BEGIN

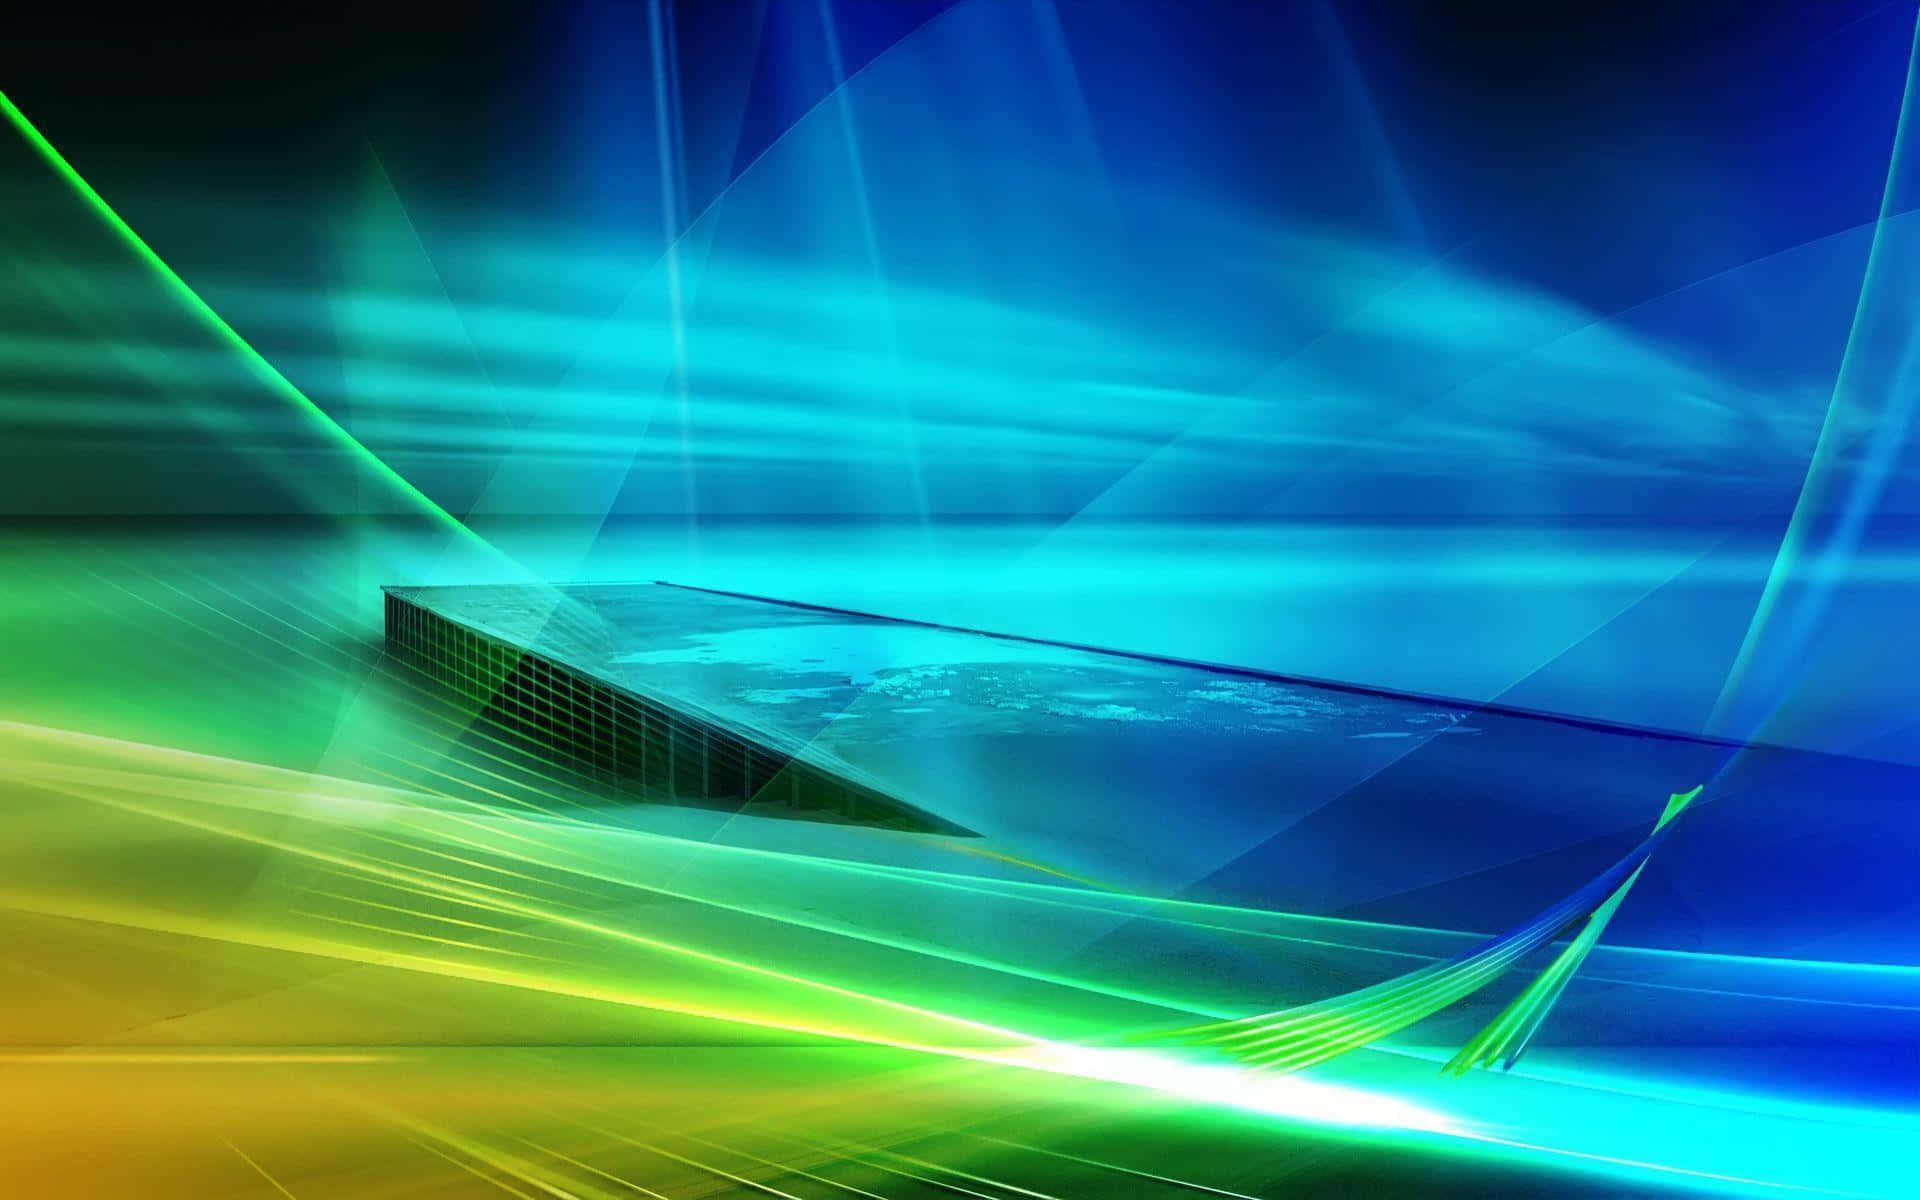 Enjoy the stunning visuals of Windows Vista
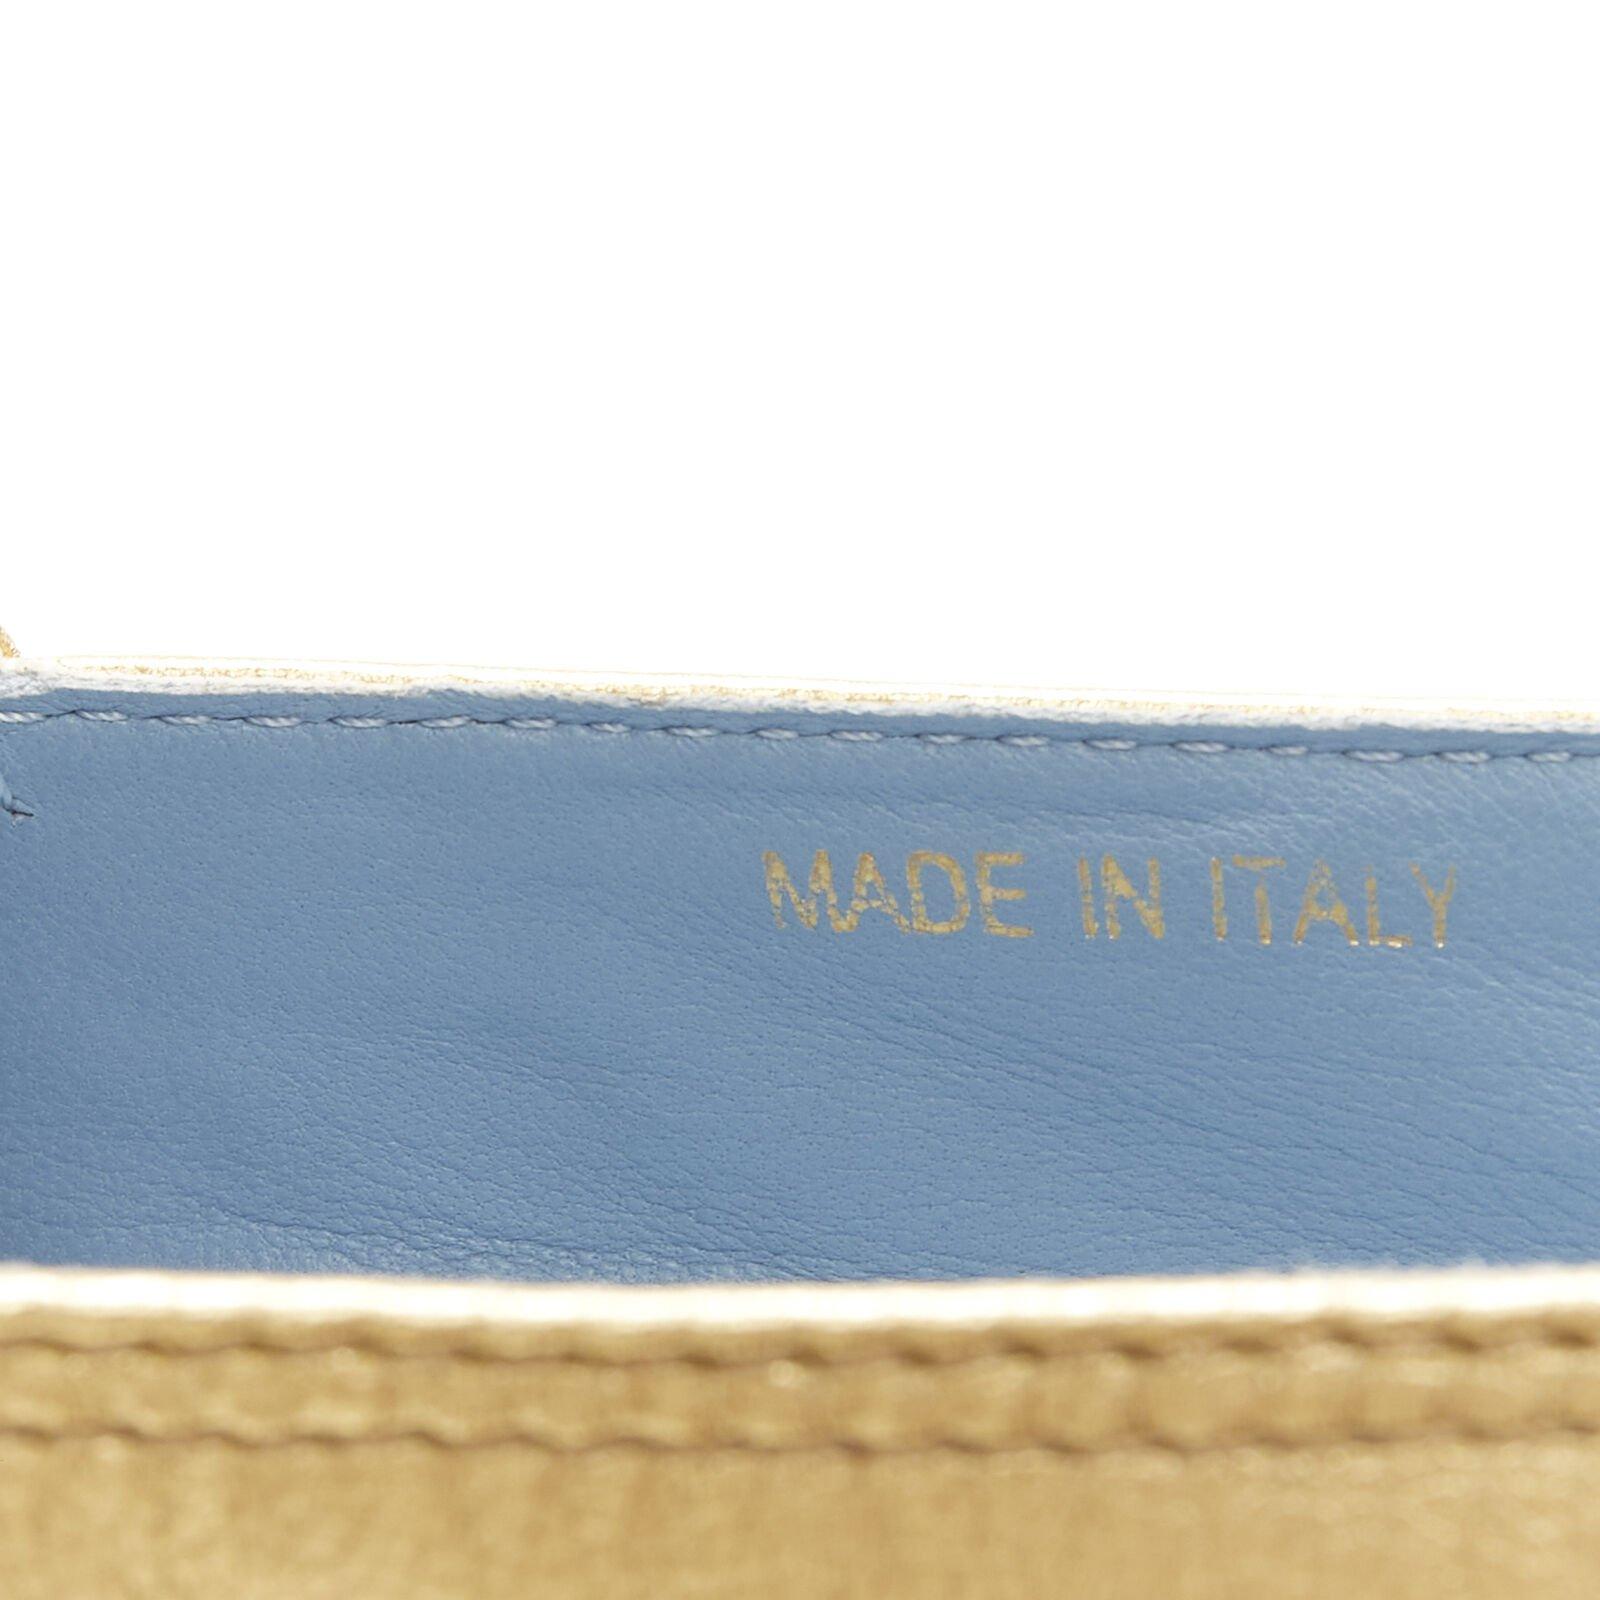 new PRADA metallic gold leather logo peep toe jute platform espadrille shoe EU38 7
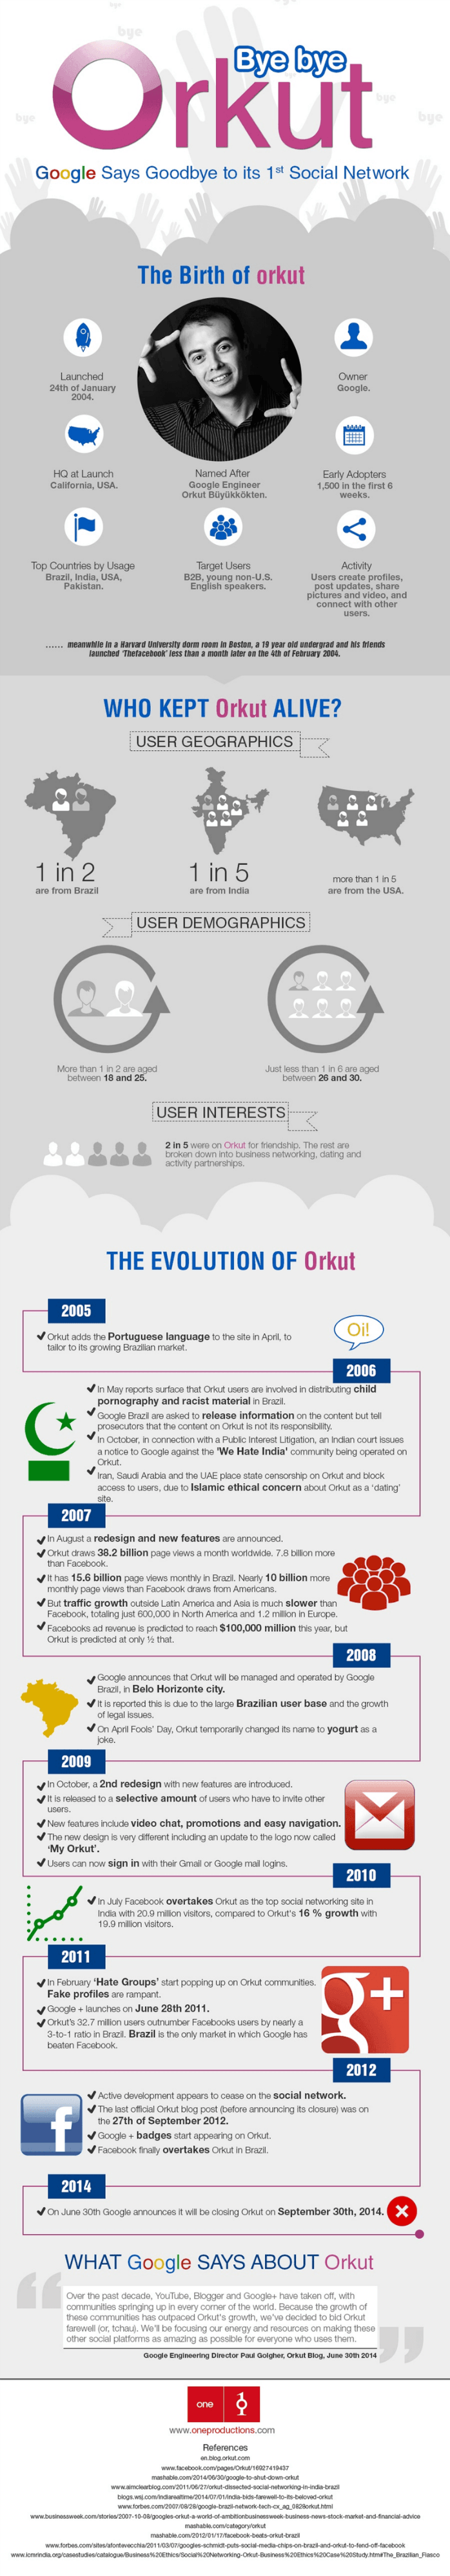 orkut journey

END

▸ **ACTION ITEM**:
Reproduce the listing word for word. Do not carry over the pictures.

▸ **TASK ANSWER**:
 Enjoy the stunning visuals of Windows Vista
 new PRADA metallic gold leather logo peep toe jute platform espadrille shoe EU38 7
 orkut journey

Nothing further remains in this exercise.